The task: Please output the line containing "Delivery service partnership" and all lines that follow it in the data below, exactly, with no pictures.

Source material section start

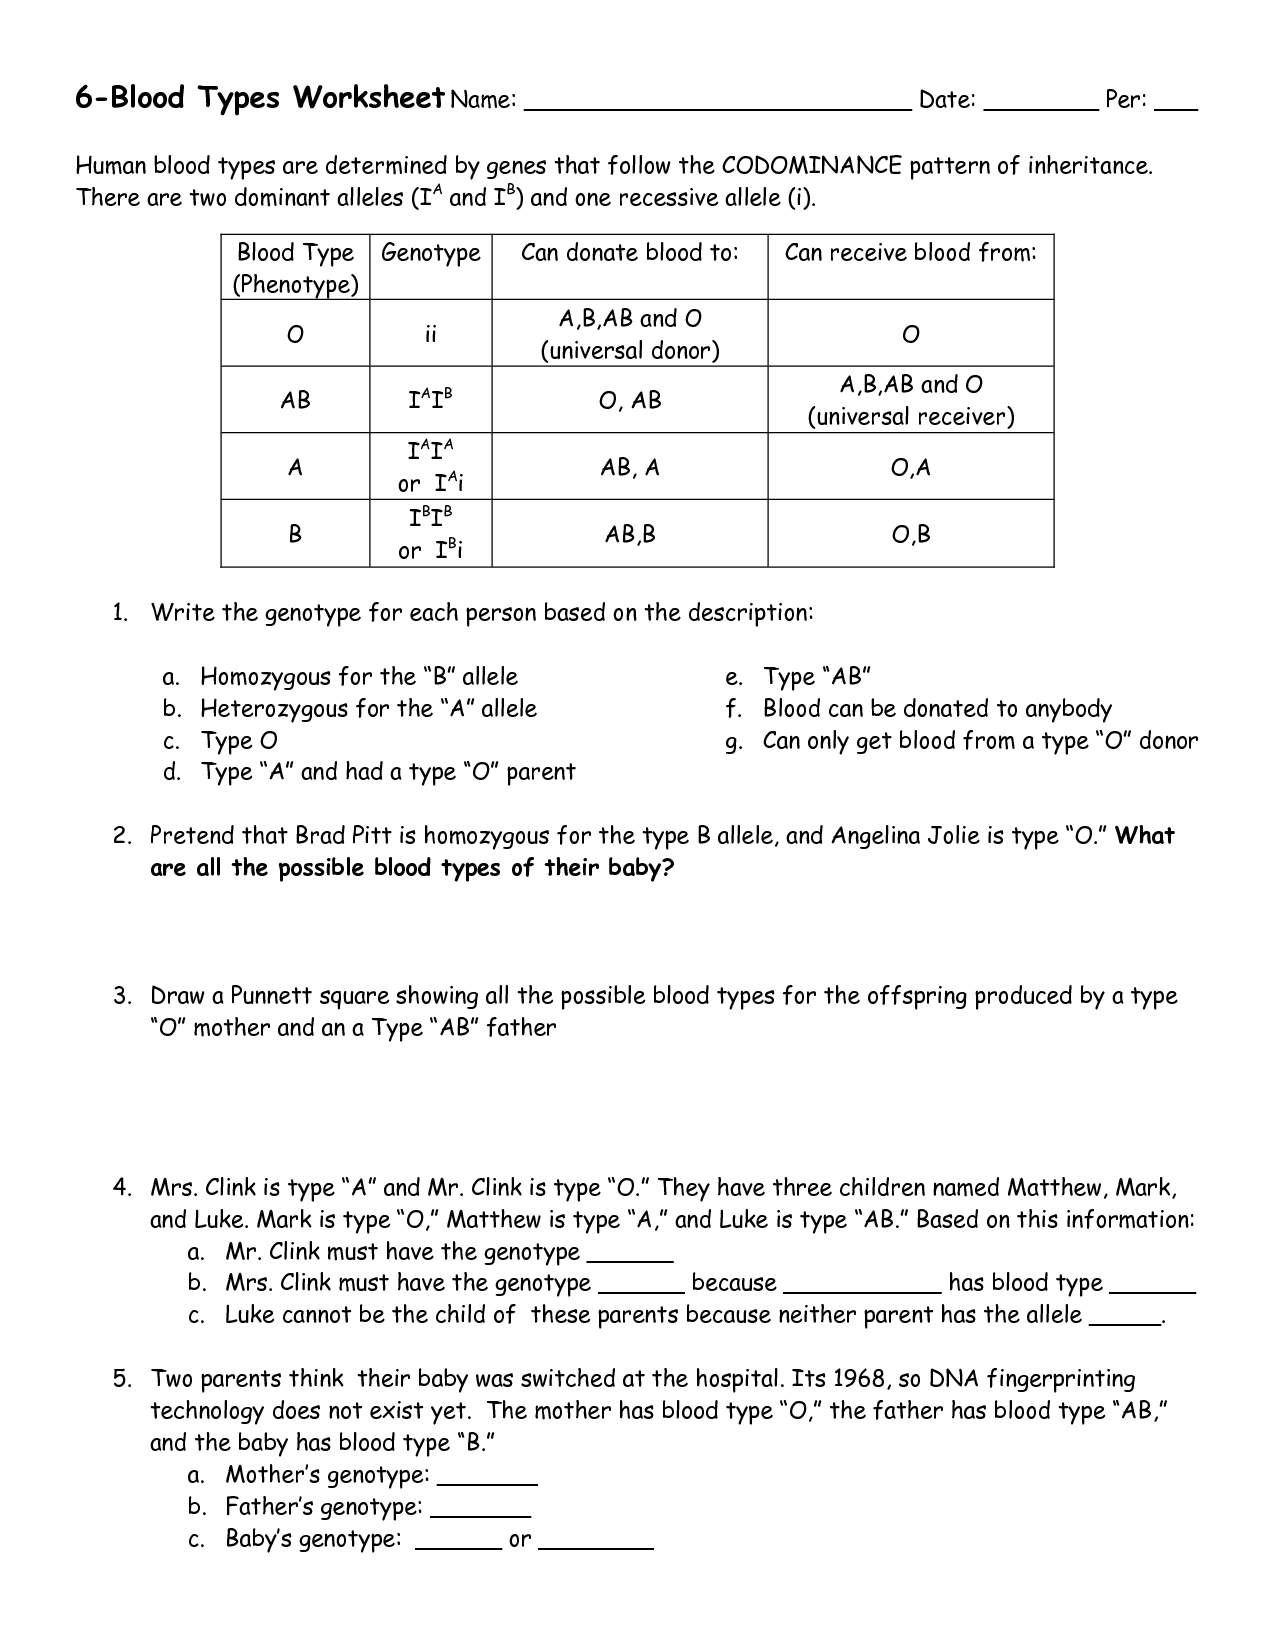 16-best-images-of-blood-type-worksheet-answer-key-codominance-worksheet-blood-types-blood
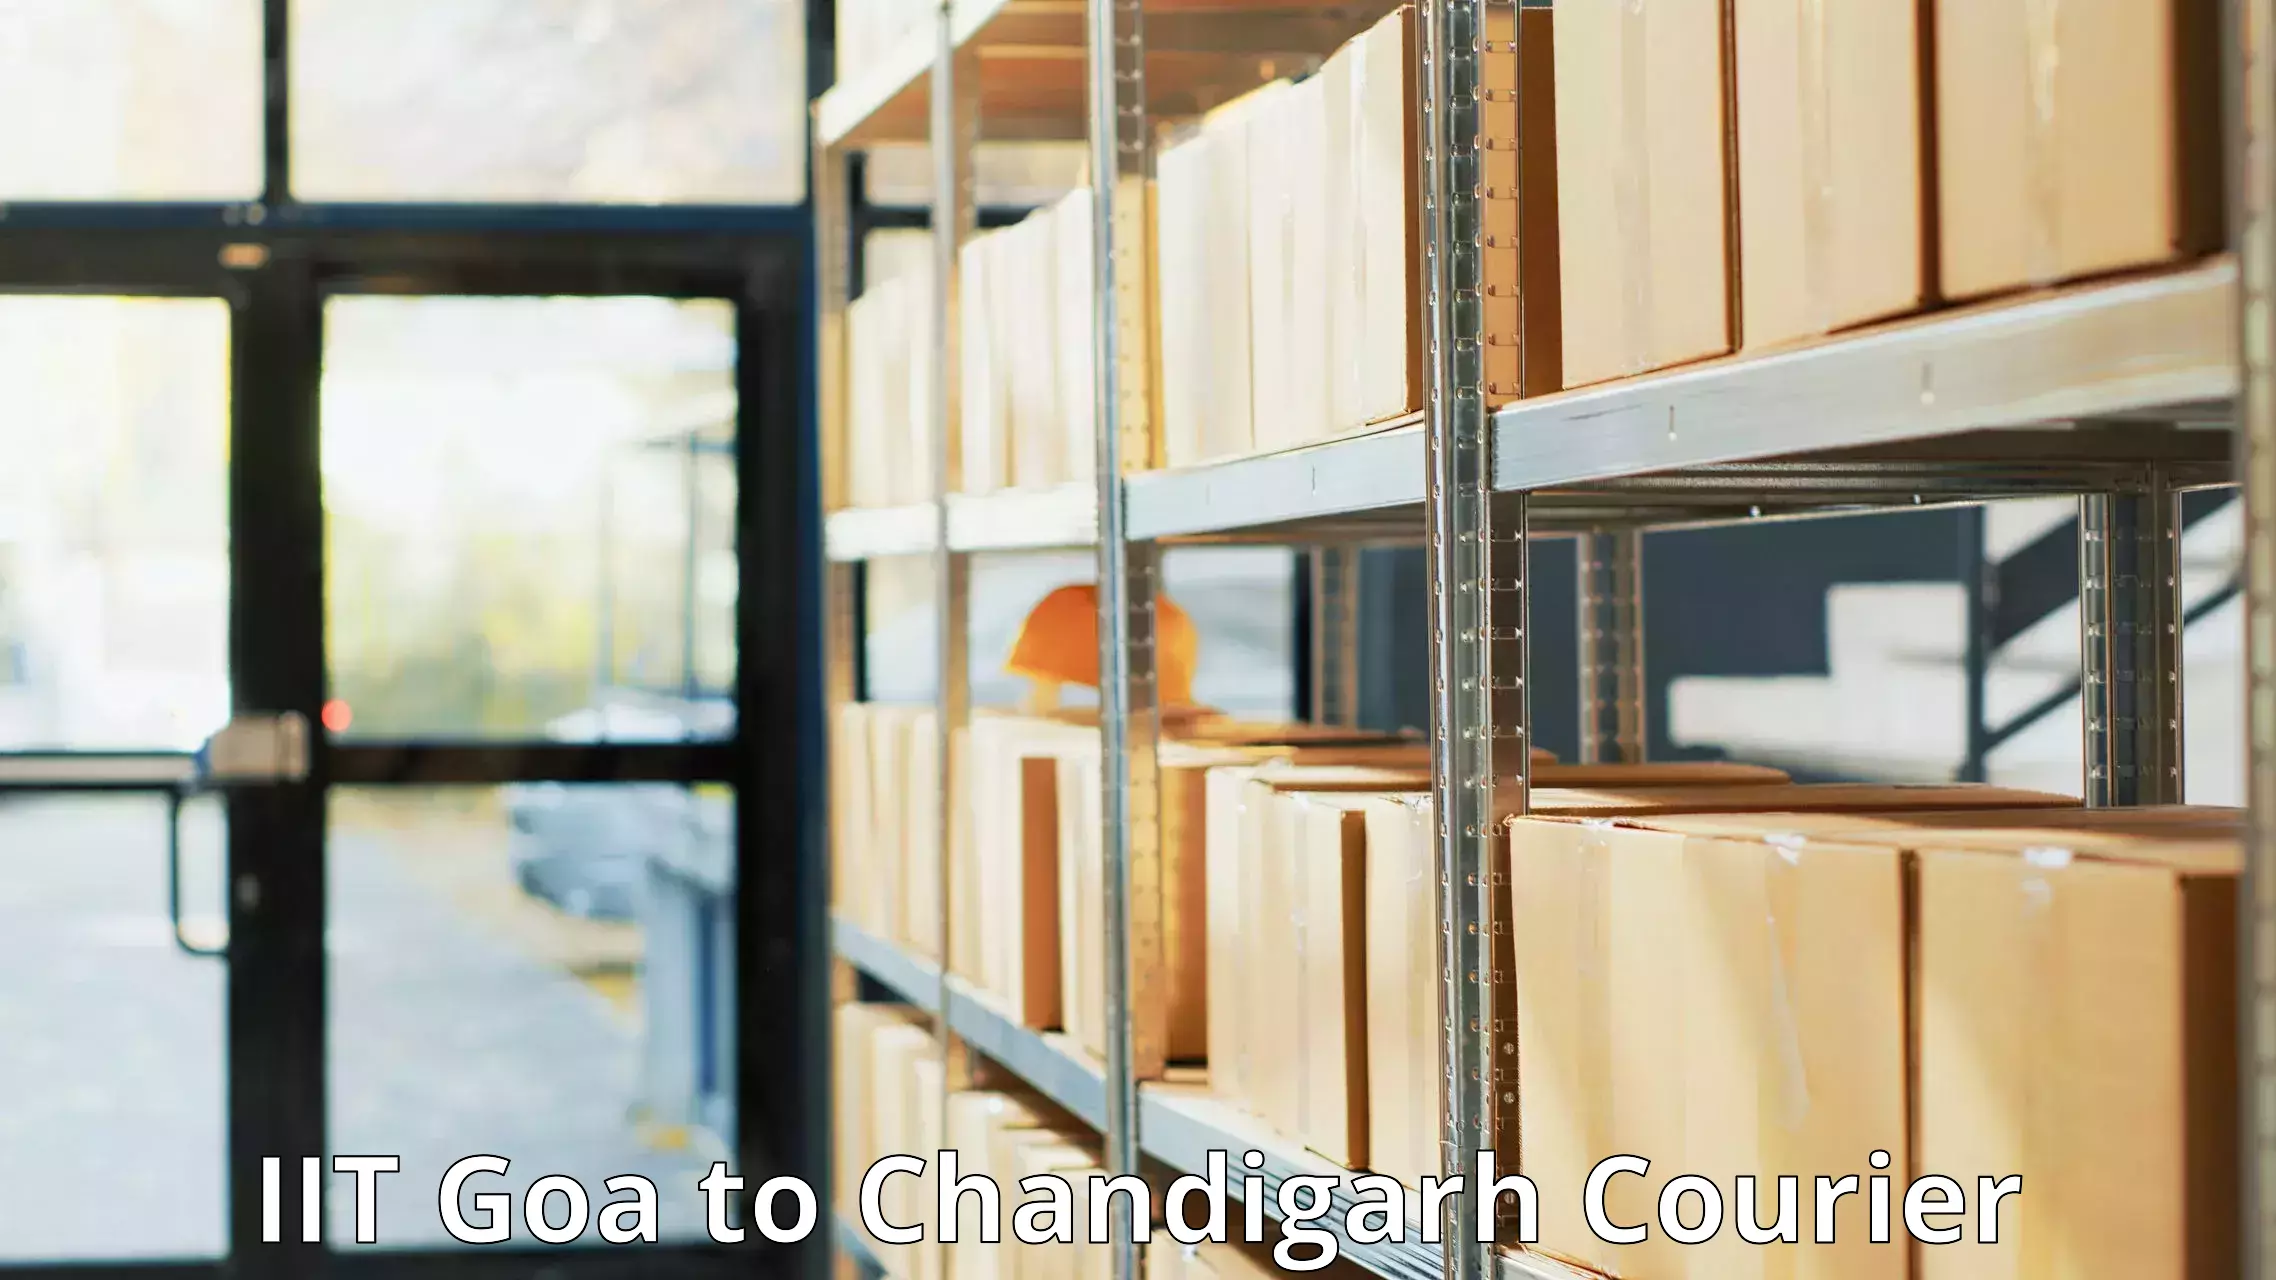 Delivery service partnership IIT Goa to Chandigarh
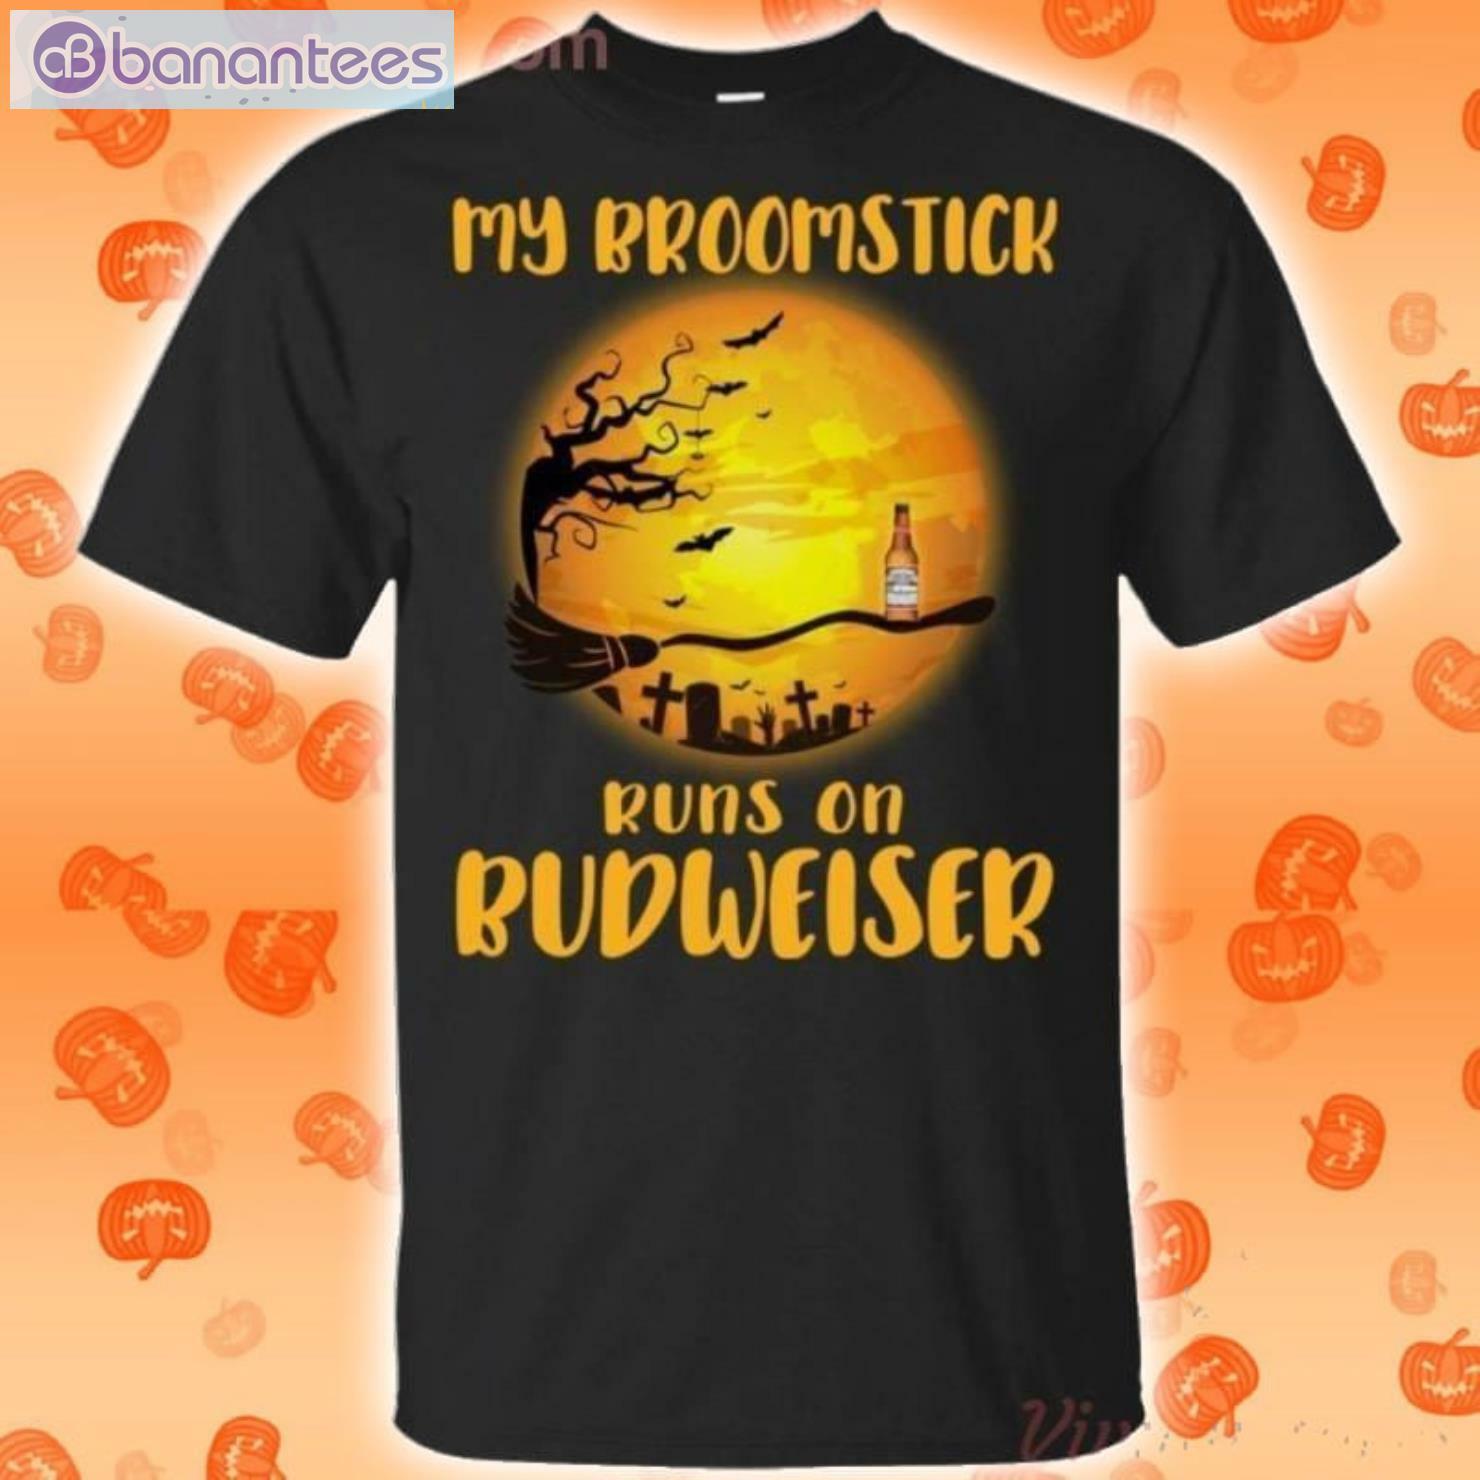 My Broomstick Runs On Budweiser Funny Beer Halloween T-Shirt Product Photo 1 Product photo 1

Source material section end

Result:
 Delivery service partnership IIT Goa to Chandigarh
 My Broomstick Runs On Budweiser Funny Beer Halloween T-Shirt Product Photo 1 Product photo 1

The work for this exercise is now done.